Paidamoyo Chipunza Health Reporter
Government plans to put surveillance measures against the deadly Ebola disease at border posts following repeated suspected cases in neighbouring South Africa.
In an interview yesterday, Health and Child Care Minister Dr David Parirenyatwa said plans were underway to roll-out prevention programmes at all border areas such as Beitbridge and Chirundu.
Dr Parirenyatwa who is also the chairman of the Sadc Health Ministers forum, said the South African airport was also very critical to Southern African region since it received people from different parts of the region and its planes were still flying to East Africa.
“Our next phase would be to roll out the programme to the borders for road users as we continue monitoring and following up developments in the region,” said Dr Parirenyatwa.
“The South African international airport is of critical importance to all of us in the region and we are working hard as Sadc to do all we can to prevent the spread of the disease to our people,” he said. Dr Parirenyatwa said Zimbabwe was also monitoring people entering the country from the affected areas for any possible signs and symptoms of the disease.
He, however, maintained that Zimbabwe was at low risk of getting Ebola virus, which so far has killed over 1000 people in East Africa and left many others sick.
He said Government was in the process of drafting a budget required for effective prevention and preparation for the outbreak.
“Treasury has been very supportive and has since asked us to provide a budget of all that we need to prevent and prepare should the outbreak strike.
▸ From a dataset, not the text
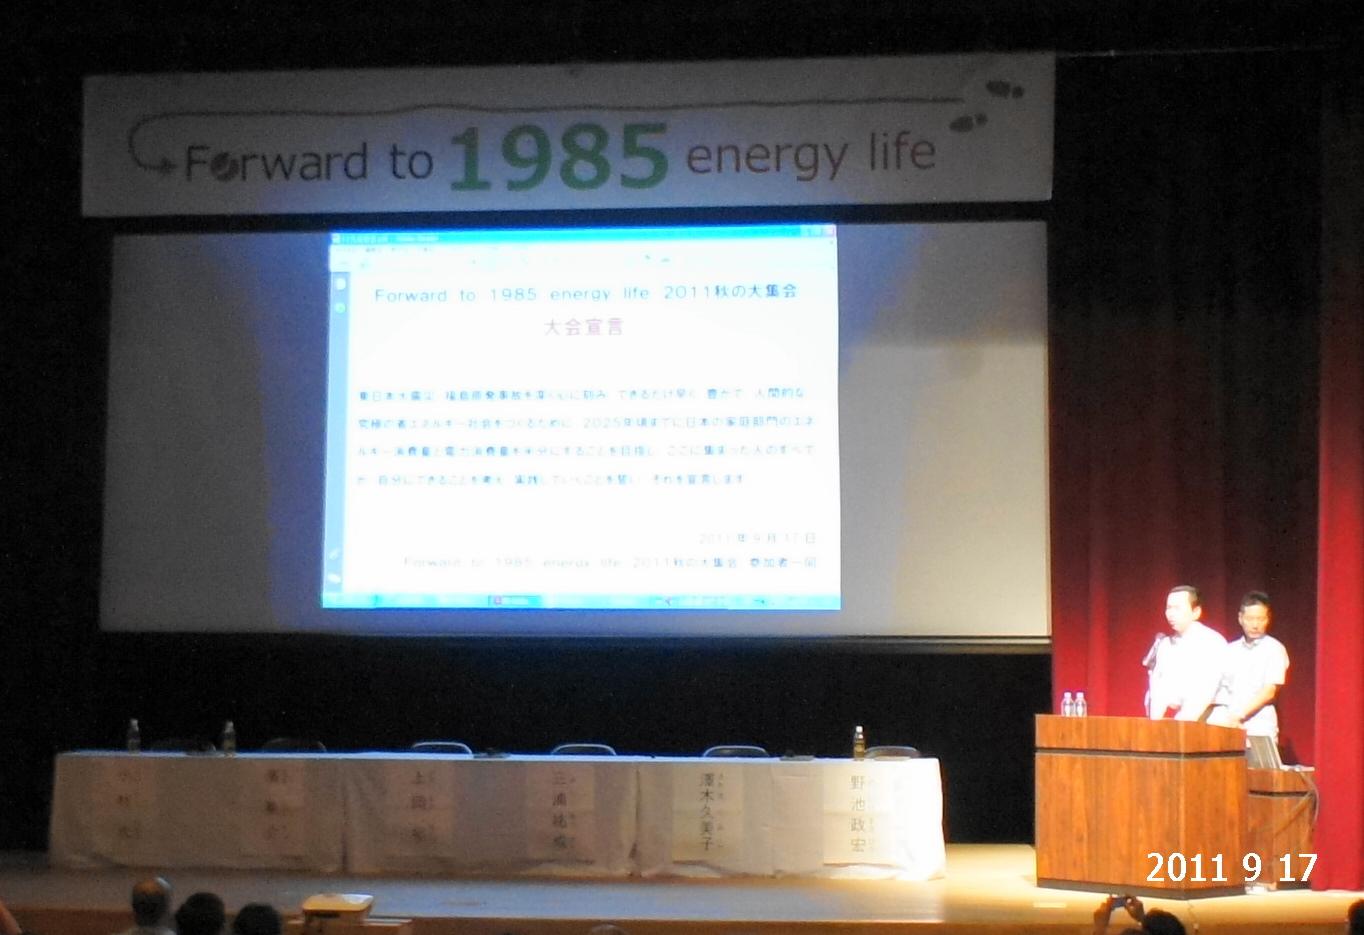 Forward to 1985 energy life_d0004728_9432710.jpg
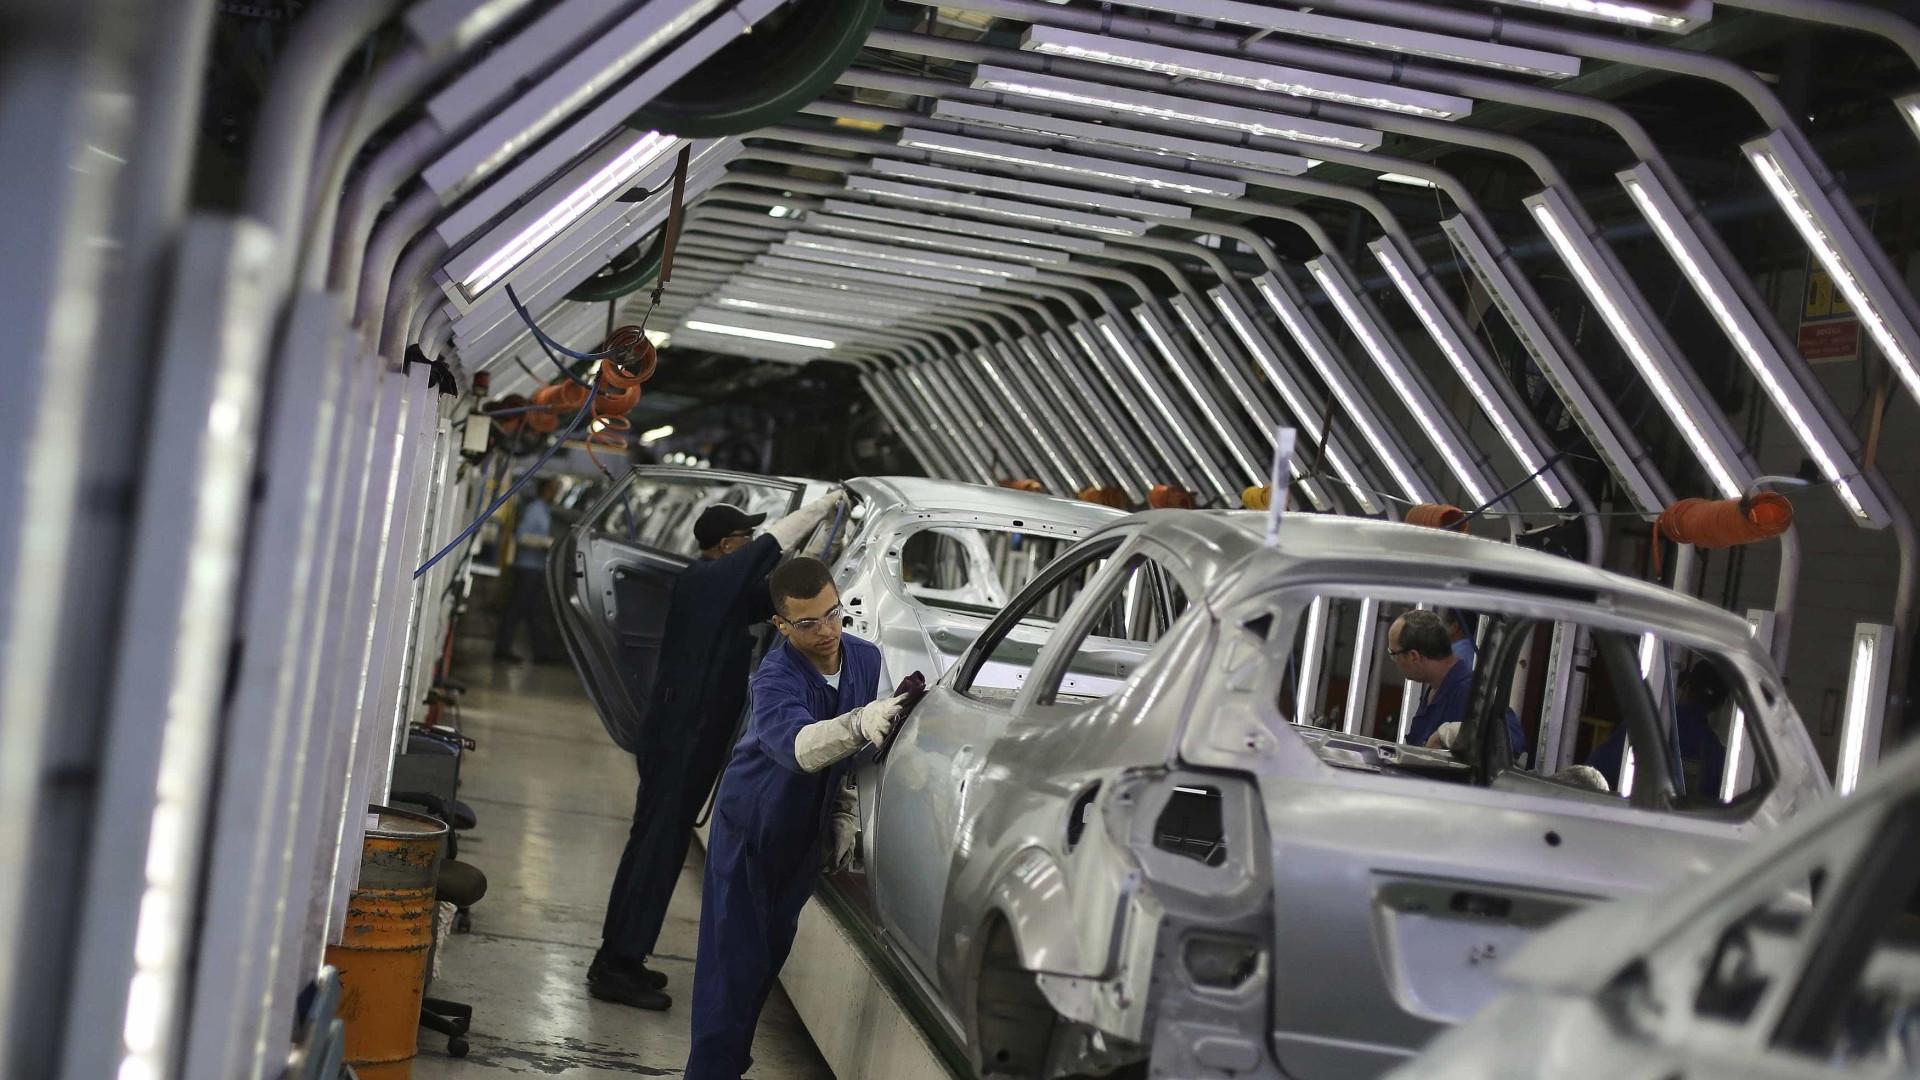 Crise argentina afeta montadoras e projeção de crescimento no Brasil

“So far we are using Ministry (of Health and Child Care) resources,” he said. Meanwhile, South Africa has announced that results of a South African man who was quarantined yesterday after exhibiting signs and symptoms of the disease tested negative.
The man had just returned from Liberia, where he was working in the mines and started showing symptoms of Ebola until he was quarantined.
Last week, South Africa also quarantined a pregnant woman who had come from Guinea also exhibiting signs and symptoms of Ebola.
Laboratory results for the woman also tested negative of Ebola virus.
“Indeed there is somebody who is a South African who stays here and happened to come back home from working in Liberia.
“He came back but unfortunately fell ill and therefore his fever is of interest to us and we are checking that,” says Department of Health spokesperson Joe Maila on Sunday.